Fontain v. RavenelAnnotate this Case
58 U.S. 369 (1854)
U.S. Supreme Court
Fontain v. Ravenel, 58 U.S. 17 How. 369 369 (1854)
Fontain v. Ravenel
58 U.S. (17 How.) 369
A resident in Pennsylvania made his will in 1829, giving annuities to his wife and others and directing that his executors, or the survivor of them, after the decease of his wife, should provide for the annuitants then living and dispose of the residue of his property for the use of such charitable institutions in Pennsylvania and South Carolina as they or he may deem most beneficial to mankind.
His wife and three other persons were appointed executors.
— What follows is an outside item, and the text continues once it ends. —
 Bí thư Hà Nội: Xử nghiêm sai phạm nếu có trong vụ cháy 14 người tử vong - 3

The three other persons all died during the lifetime of the wife. No appointment of the charity was made or attempted to be made during the lifetime of the executors.
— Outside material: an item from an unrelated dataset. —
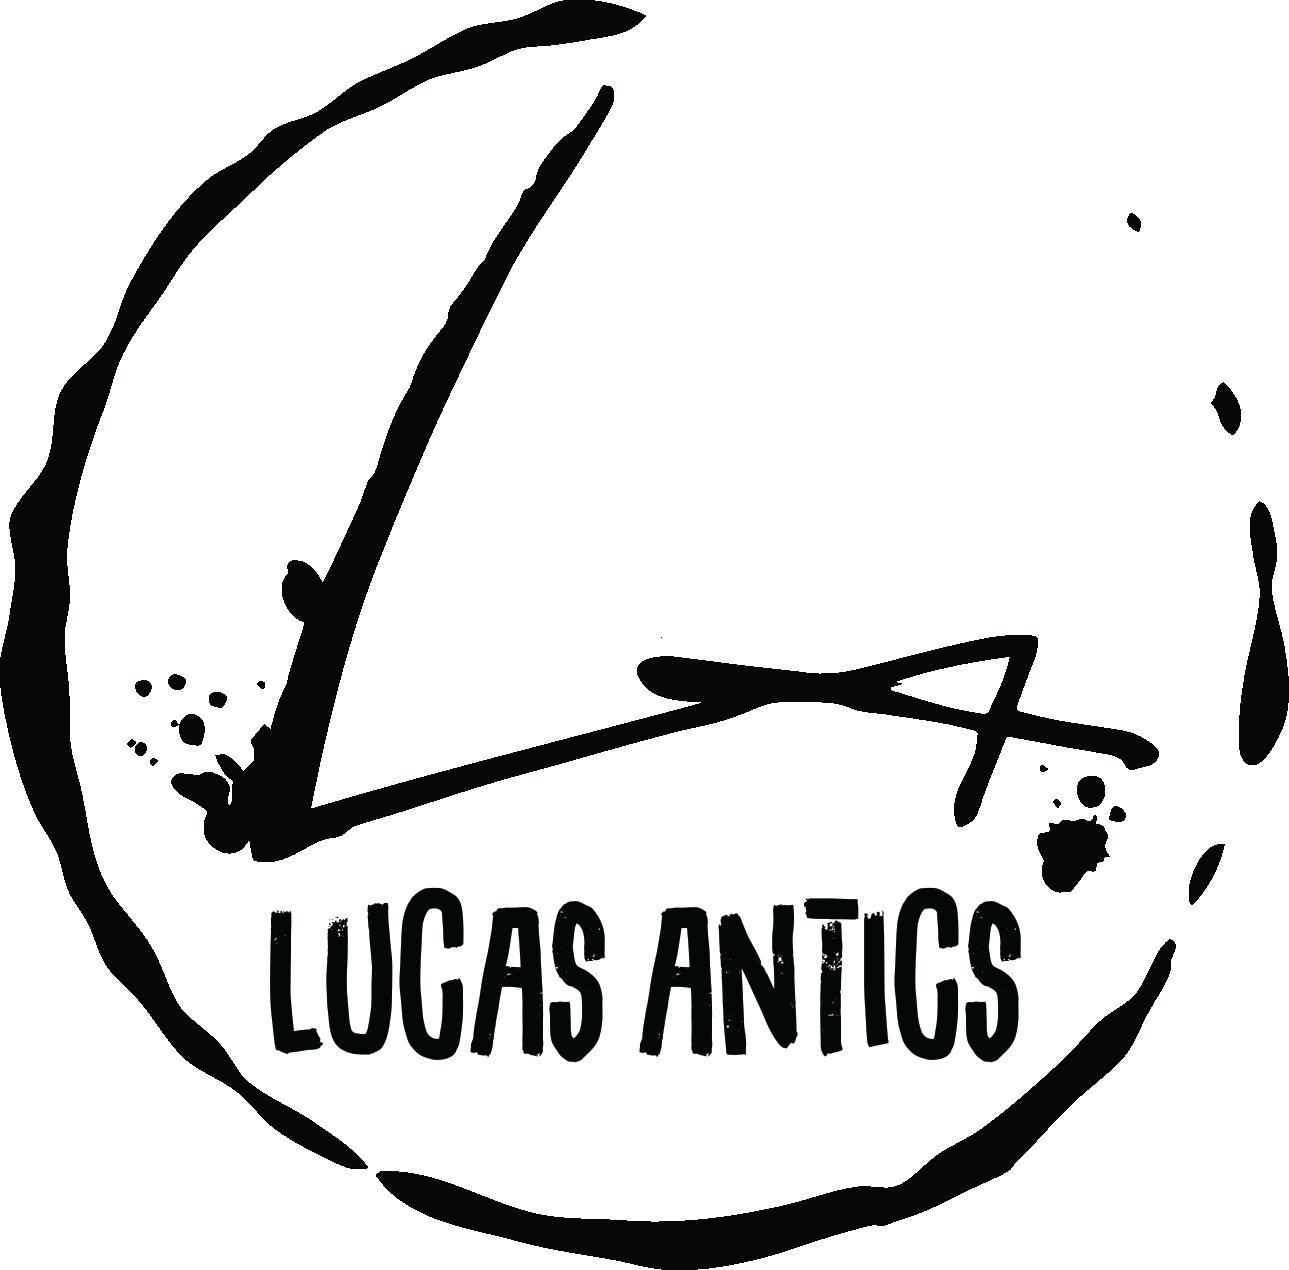 Lucas Antics

The charity cannot now be carried out.
The executors were vested with a mere power of appointment, without having any special trust attached to it. In England, the case could only be reached by the prerogative power of the Crown acting through the sign-manual of the King.
The English and American cases upon this subject examined.
This was a bill filed by Fontain, as administrator de bonis non cum testamento annexo of Frederick Kohne, deceased, against Ravenel, one of the executors of Mrs. Kohne, the widow of the deceased Frederick. The object of the bill was to recover from the defendant certain sums of money which came into the hands of the widow, as executrix of her husband, for the purpose of applying them to some charitable bequests made in the will of Frederick Kohne. These are stated, as well as the other circumstances of the case, in the opinion of the Court, and need not be repeated.
The circuit court dismissed the bill, and the complainant appealed to this Court.